2. The Classification and Pathophysiological Mechanism of LVA

A LVA is broadly defined as a segment of the ventricular wall that exhibits dyskinetic or akinetic behavior, contributing to a reduction in left ventricular ejection fraction (LVEF) [3]. Furthermore, LVAs can be classified into two main categories: true aneurysm and pseudoaneurysm (Table 1). True aneurysms are characterized by the replacement of myocardial tissue with by scar tissue following myocardial infarction (MI), leading to dilation and deformation during cardiac cycles. In contrast, pseudoaneurysm occur following a rupture in the ventricular wall, with the resultant blood being contained by the surrounding pericardium and thrombus, thereby forming a sac that remains connected to the ventricular cavity [4]. Functional ventricular aneurysms, a subset of true aneurysms, may develop if residual myocardium within the infarcted area remains viable. These aneurysms are notable for their indistinct boundary between infarcted and normal myocardium, bulging only during systole [5]. The incidence of functional aneurysms is on the rise, attributed to early initiation of thrombolytic therapy [6] and revascularization procedures [7]. Several studies have identified transmural MI without coronary collateral circulation as a primary factor in the development of ventricular aneurysms [8, 9, 10]. Furthermore, Klein et al. [11] found that ventricular dilatation and ventricular wall thinning in the ischemic area occur when the infarcted myocardium accounts for more than 20% of the ventricular perimeter. This condition exacerbates ventricular wall tension and increases myocardial oxygen demand, perpetuating a harmful cycle.

Table 1.

Differences between true aneurysm and pseudoaneurysm.

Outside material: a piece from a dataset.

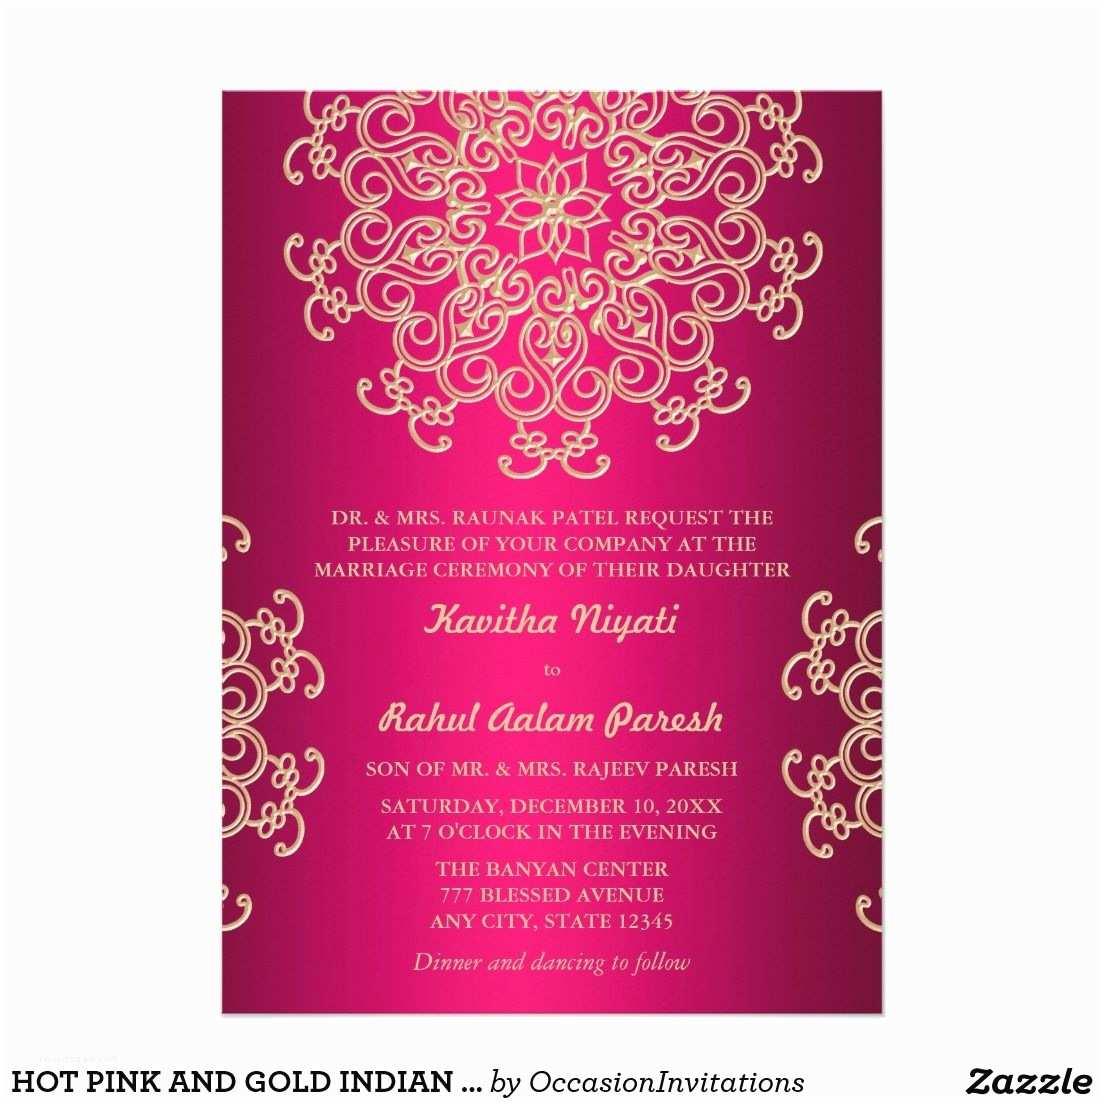 Hindu Wedding Invitations Hot Pink and Gold Indian Style Wedding Invitation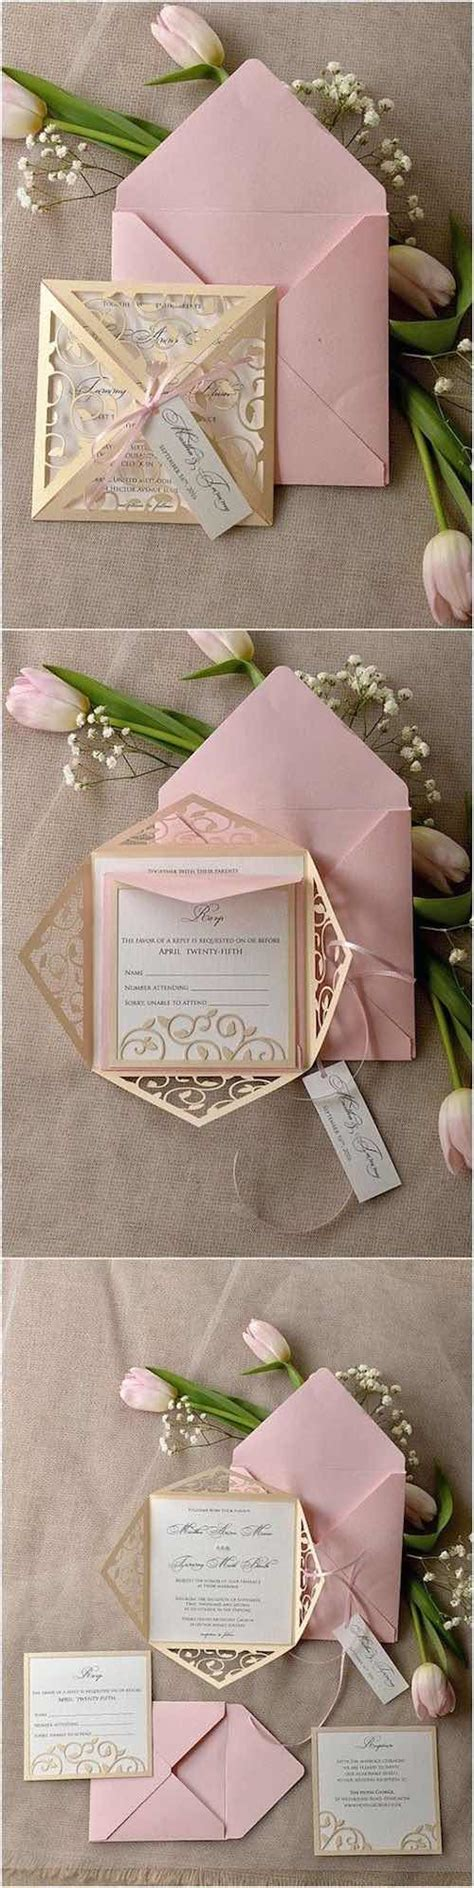 pink wedding invitations the fairytale wedding ideas to plan your disney themed wedding

Differences		True aneurysm	Pseudoaneurysm
Characteristics	Width of the neck	Wide	Narrow
	Myocardial rupture	No	Yes
	The composition of the ventricular wall	Necrotic myocardium, fibrotic tissue or both	Fibrous pericardial tissue and/or blood clots
Diagnose	Echocardiography	The ventricular wall in the lesion area became thin and dilated during systole (paradoxical motion)	The echo of the ventricular wall was interrupted in the lesion area, and blood flow was observed between the aneurysm and the ventricular cavity
	Cardiac magnetic resonance	The myocardium of the lesion was thin, and a lot of scar myocardium was formed; transmural enhancement	Obliteration of myocardial-pericardial interface and pericardial enhancement
Treatment principles		Restore normal structure of left ventricular	Obliterate the neck of the pseudoaneurysm
Treatment		Surgical ventricular reconstruction or percutaneous ventricular restoration (the Parachute device, the Revivent TC System)	Surgical ventricular reconstruction or septal occluders, ventricular septal defect occluders, and coils

3. Imaging of LVA

Echocardiography stands as the primary diagnostic tool for ventricular aneurysms, offering detailed insights into aneurysm size, location, shape, wall motion and overall cardiac function [12]. Dobutamine stress echocardiography is also effective in identifying myocardial regions that, despite being affected by ischemia or infarction, retain the potential to recover function, known as viable myocardium [13]. Despite its widespread use, the technique’s accuracy, particularly with conventional two-dimensional ultrasound, heavily relies on the practitioner’s expertise, potentially leading to overlooked small ventricular aneurysms and mural thrombus [14]. In recent years, the development of real-time three-dimensional echocardiography (RT3DE) has notably enhanced the precision in assessing cardiac structure and function [15].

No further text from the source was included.